Opens Friday, September 13
212-529-6799
www.tattoouprising.com
www.cinemavillage.com

“Just the way they say you are what you eat, you are what you wear, too,” Calamity Jane Nemhauser says in Tattoo Uprising, Alan Govenar’s forty-years-in-the-making documentary celebrating the art of inking human bodies. Writer-director Govenar has been working on the film since 1980, when he was finishing his 1981 half hour Stoney Knows How, about tattoo legend Stoney St. Clair. Govenar and editor Jason Johnson-Spinos interweave four decades of interviews and archival footage into the film, in which Govenar speaks extensively with St.
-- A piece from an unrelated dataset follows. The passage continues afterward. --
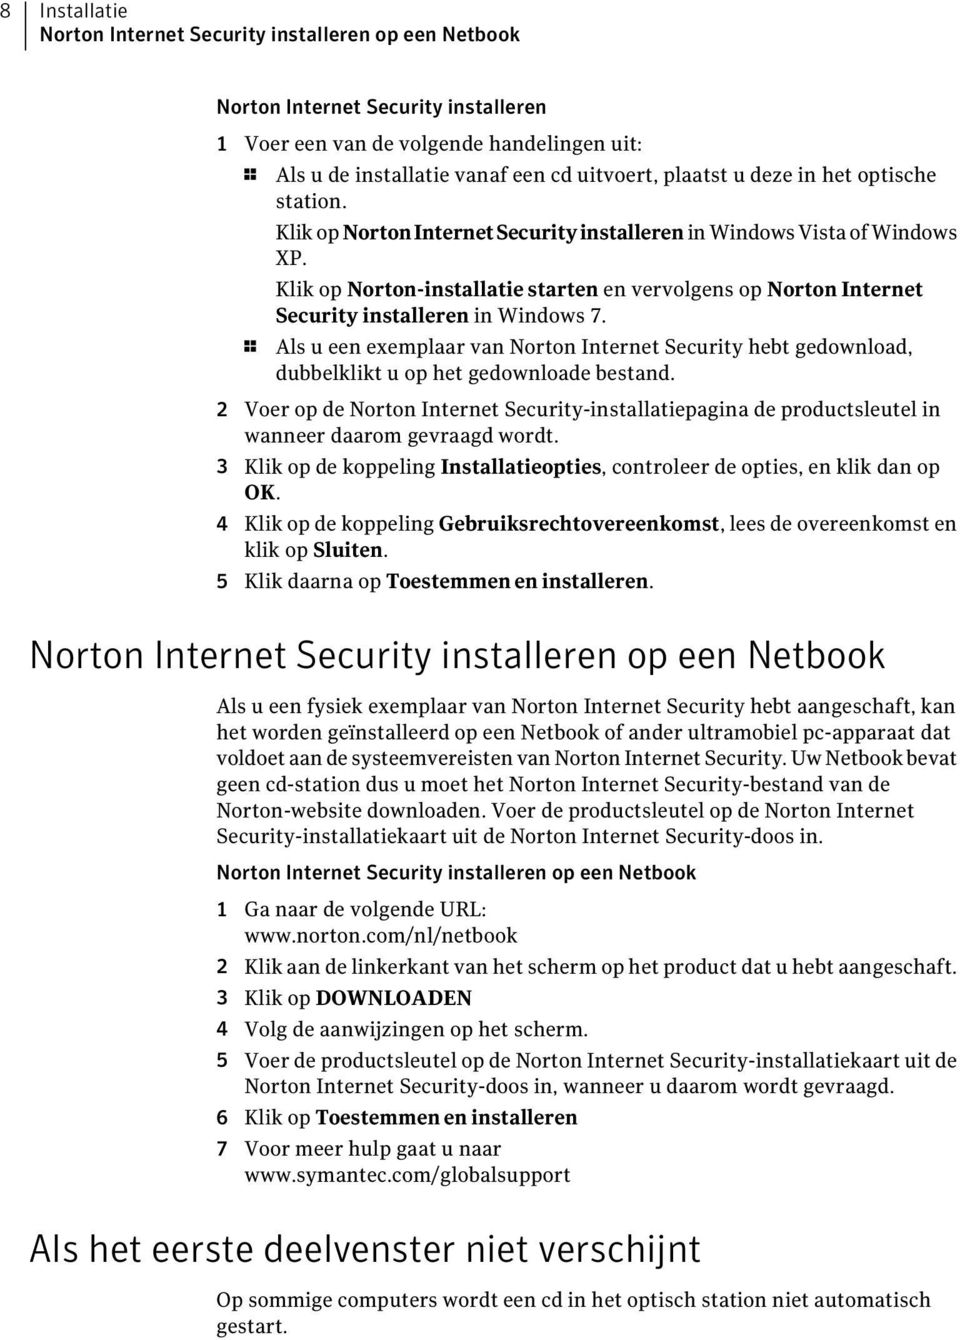 Klik op Norton-installatie starten en vervolgens op Norton Internet Security installeren in Windows 7.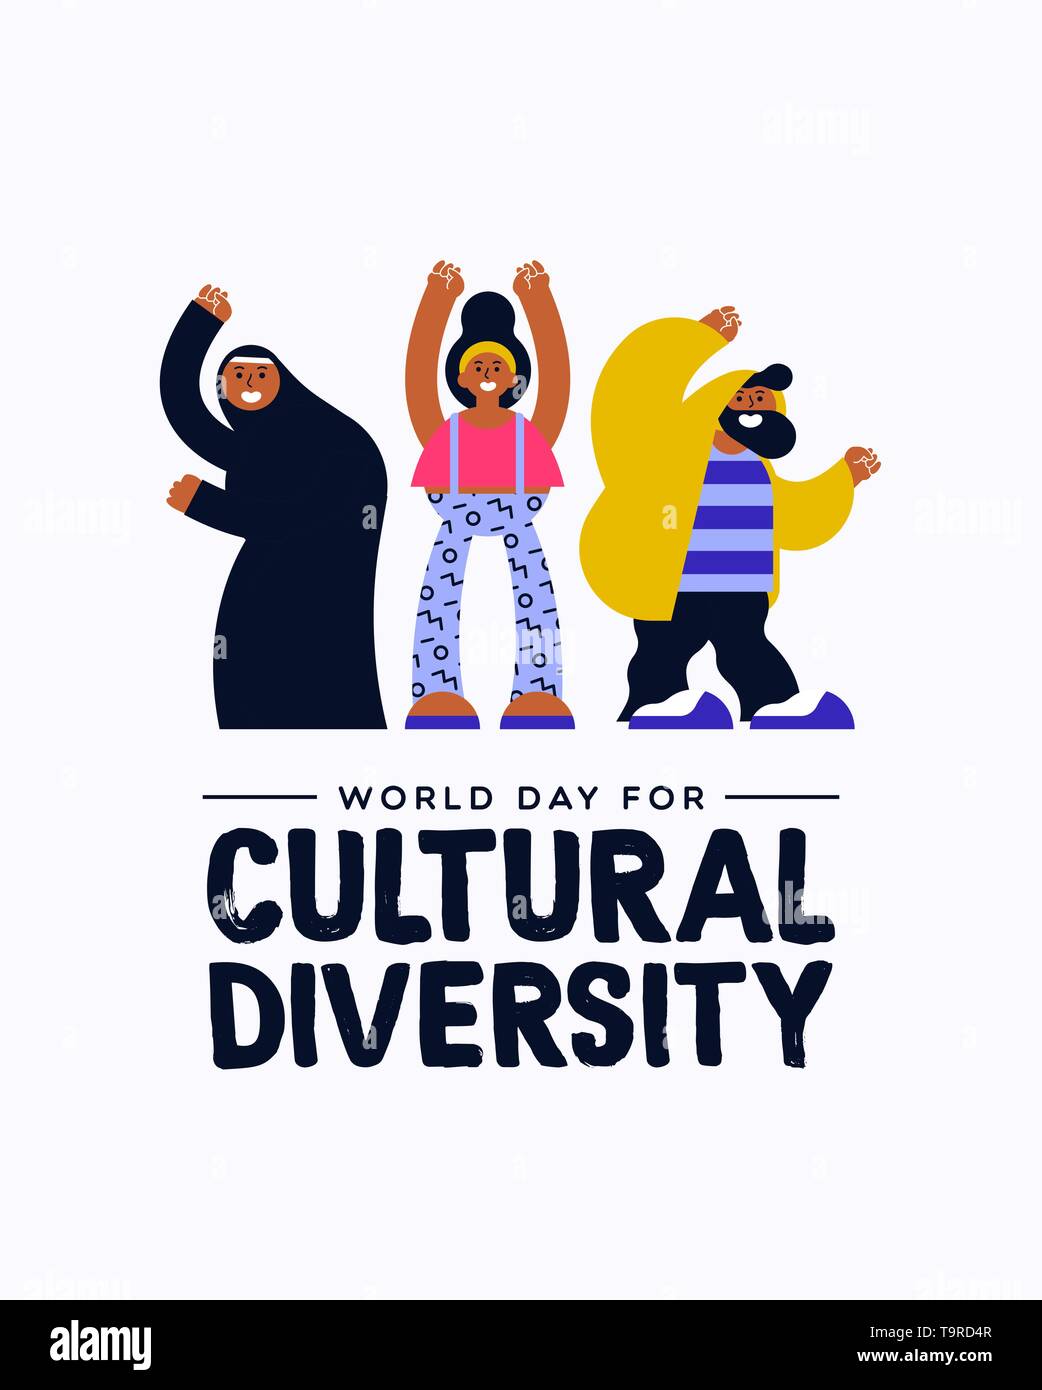 Kulturelle Vielfalt Tag Grußkarte Abbildung. Glücklicher Freund Gruppe in einem farbenfrohen, modernen Stil mit einer muslimischen Frau für vielfältige Gemeinschaft Konzept. Stock Vektor

Clair and fashionista Ed Hardy, who redefined what tattooing could be; documentarian Les Blank and director Werner Herzog, who show off their tats while the former is making Burden of Dreams and the latter Fitzcarraldo; woman tattoo artists Cynthia Witkin, Calamity Jane, Jamie Summers, and Anne de Hey!; sideshow performer and tattoo artist Captain Don, who sings a song about his chosen profession; and prisoners who reveal their tattoos and discuss the impact they have on their feelings of freedom.

Author Govenar also delves into the history of tattooing, from biblical times through the Renaissance, from Captain James Cook’s discoveries to Gus Wagner’s influential flash tattoos, and such art exhibitions as “Flash from the Past: Classic American Tattoo Designs 1890 – 1965” at the Hertzberg Circus Collection and Museum in San Antonio and “Pierced Hearts and True Love: A Century of Drawings for Tattoos” at the Drawing Center in New York. “It’s a hot language. It’s a cellular semiotics of communication that we’re only now beginning to realize exists across the world and throughout history in a way that no other medium functions,” Hardy explains. And there’s plenty of tattooing, the camera getting up close and personal as needles buzz into flesh, creating complicated, daring, and exquisite designs, using the human body as a living canvas.